Irrigation schedule of rice

Fig. 4.13
A line and bar graph of temperature versus year from 2002 to 2021. The line graph plots a positive slope growth of y = 0.273 x plus 77.62. The temperature is high at 84 in 2015 and low at 76 in 2002.

The Mann-Kendall (MK) tests for the analysis of the temperature data

5 Conclusions

From the above results and discussions, it is revealed that the maximum temperature is the most influential factor among all the climatic factors and disturbs the climatic model the most. By performing land use land cover in geographic information system, 1475 square kilometers culturable uncultivated area is present. The population forecasting predicted the population to reach 1,408,500 by 2031 and cropping pattern can be devised using CROPWAT software for meeting crop water requirement and irrigation scheduling. The STATISTICA tool helped to simplify the enormous number of data of the considered variables and by performing the principal component analysis the maximum temperature was found to be the most influential factor of the considered climatic model. The Mann-Kendall (MK) and Sen’s slope estimator test results generally demonstrate trends of temperature. A significant trend (confidence level at 95%) was noticed with a slope of 0.273. The outcome of the study showed that about 34% of culturable cultivated area is still not cultivated though it is fit for agricultural purposes.
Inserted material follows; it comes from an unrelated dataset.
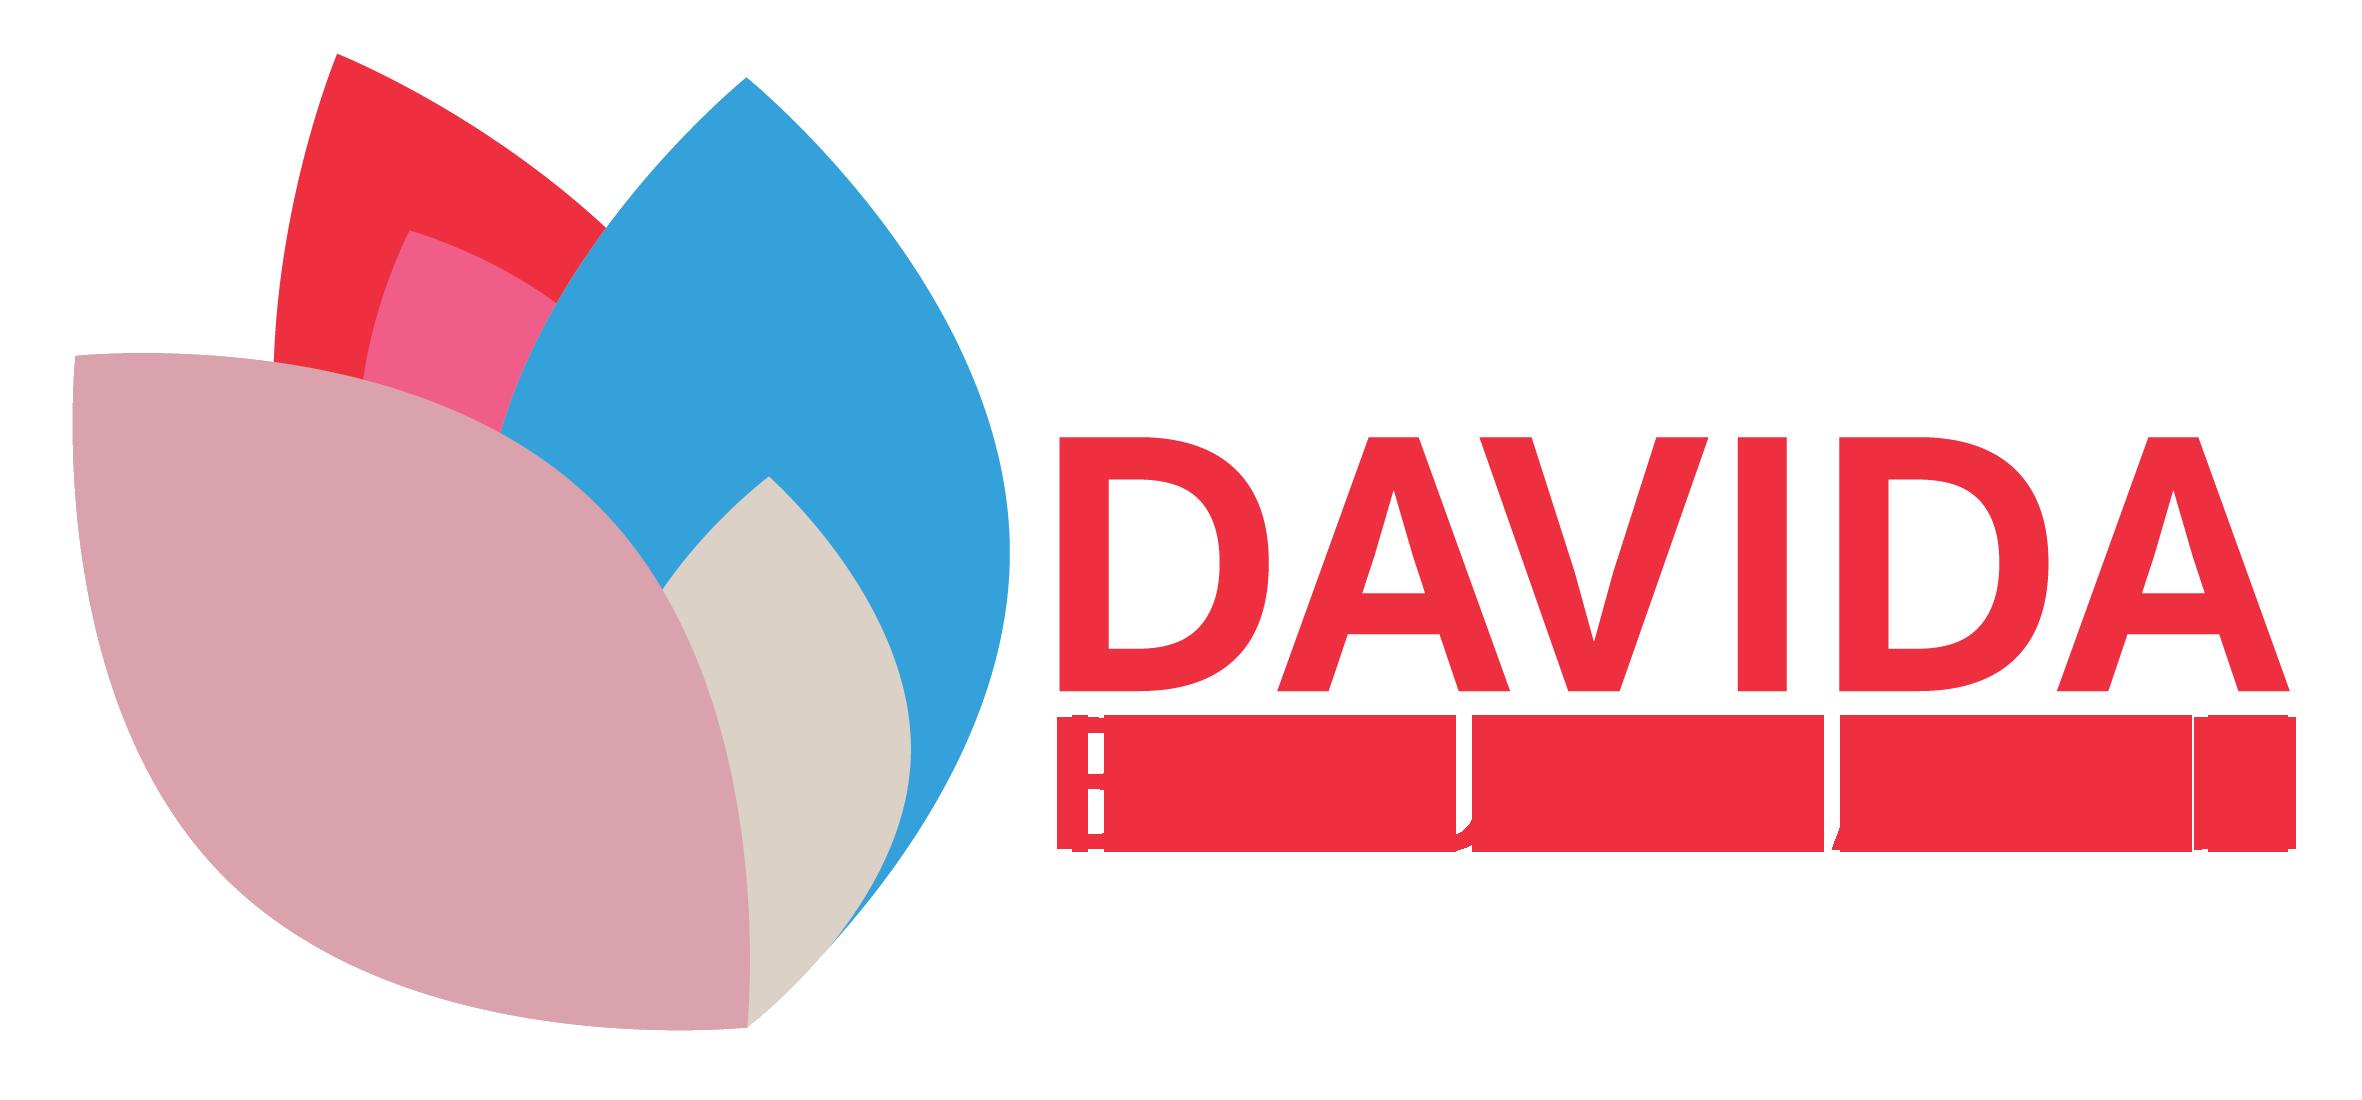 Beautysalon Davida is er voor jouw uiterlijk, want een verzorgd uiterlijk geeft zelfvertrouwen.

The cropping pattern can be prepared with this extra area available for crop production activities. The extra area available can act as a cushion to support crop yield and to meet the food demand in the near future. Further, the process of forecasting methods can be applied for better analysis and comparisons to obtain a more accurate result. The findings of the research are significant and will be of great importance not only for the researchers but also will help the farmers to improve their standard of living and to address long-standing burning issues of the society.